What started as a franchise of Magnolia Ice Cream House turned into the undisputed leader in the Philippine fast food industry this despite competition from the number one fast food chain in the world. Since its incorporation in 1978, Jollibee Foods Corporation has seen several milestones; reaching P500 million sales mark in 1984, joining in the Philippines’ Top 100 corporations in 1987, breaking the P1 billion sales mark in 1989, and becoming the first food service company to be listed in the Philippine Stock Exchange in 1993.
Today, Jollibee commands 65% of the market and leads in three major segments Jollibee in chicken and burgers, Chowking in oriental fast food, and Greenwich in pizza and pasta. It has grown from two stores to around 900 in the country and overseas, having store in such locations as the United States and Hong Kong. It is continuing its expansion in China and Indonesia and is exploring opportunities in the Japanese dining segment.
Jollibee son named to connote the hardworking insect, happy to do its work has transformed from a mascot to a Philippine cultural icon. The Jollibee phenomenon is such that Philippine economic officials sometimes look at Jollibee’s monthly sales figures as a virtual indicator of consumption trends in the country.

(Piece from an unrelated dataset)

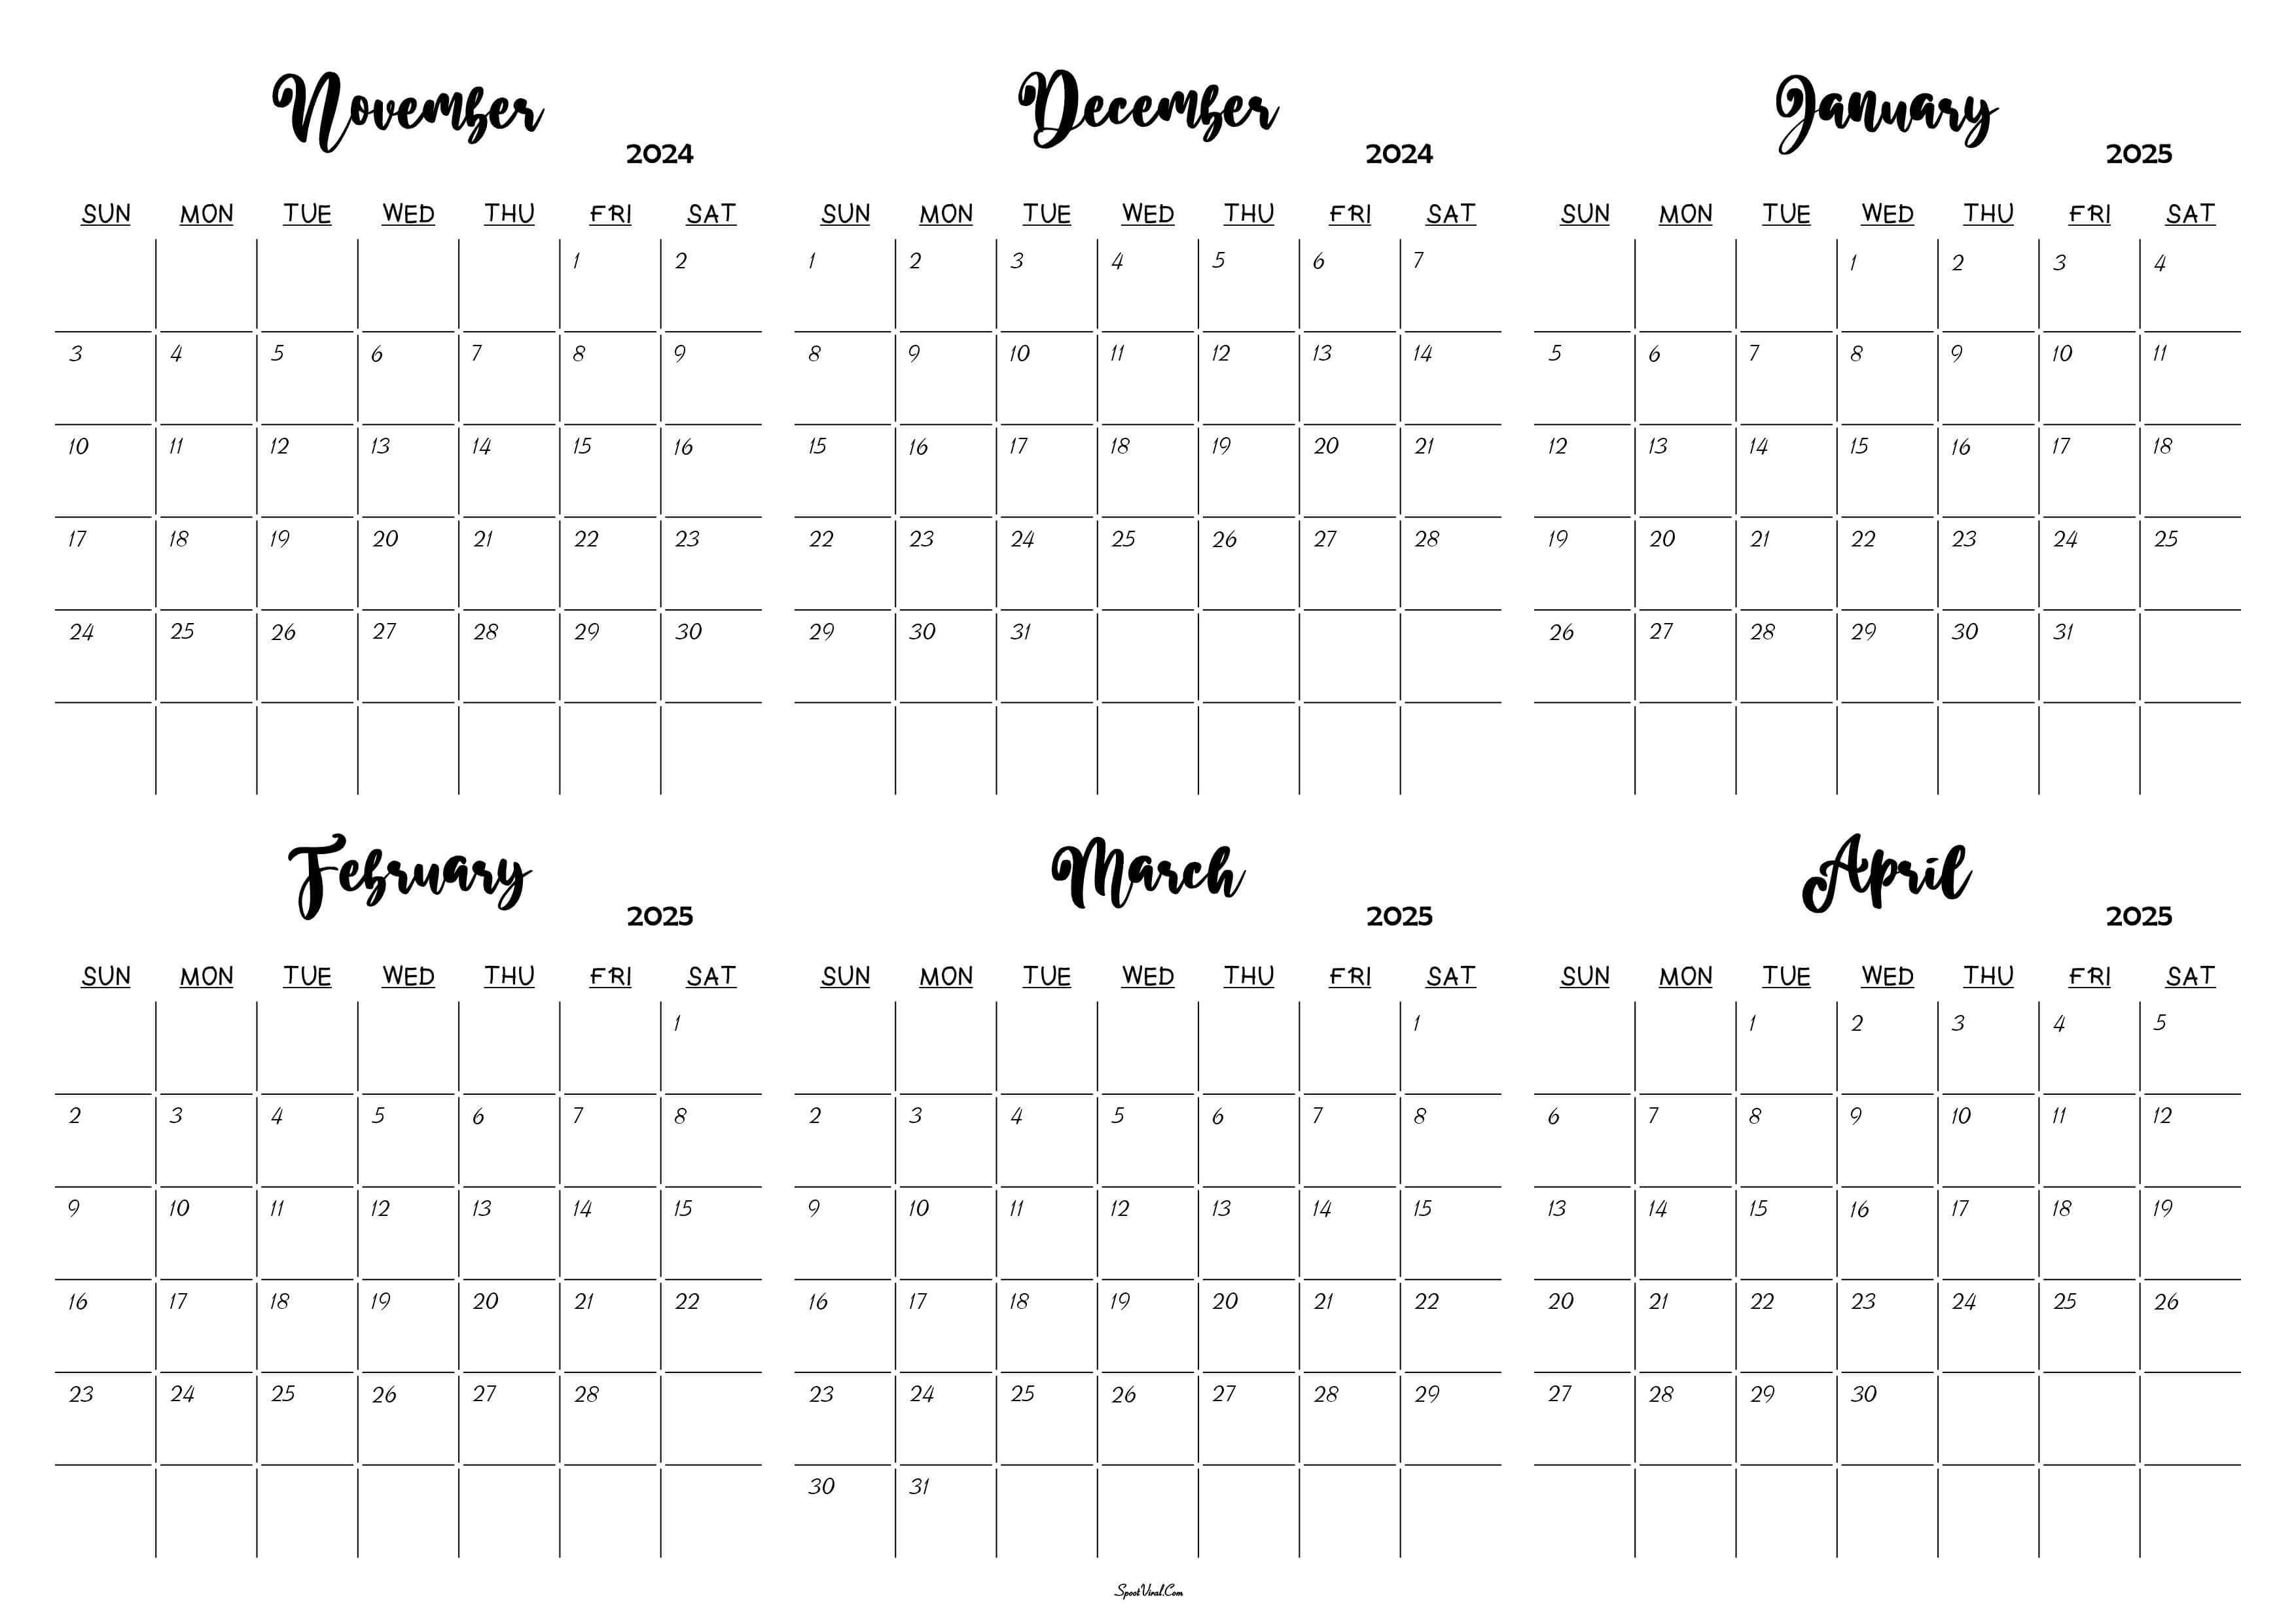 November 2024 to April 2025 Calendar

For revolutionizing the Philippine fast food industry, Tan Caktiong has received a number of awards: the Agora Award for Outstanding Marketing Achievement,
The Triple A Alumni Award from the Asian Institute of Management, the Golden Scroll Award, the TOYM Award for Entrepreneurship, the Star of Asia Award from Business Wee, and a Lifetime Achievement Award from the Asian Chain Restaurant Operators and Suppliers Series. Tan Caktiong was also recognized Management Man of the Year in 2002.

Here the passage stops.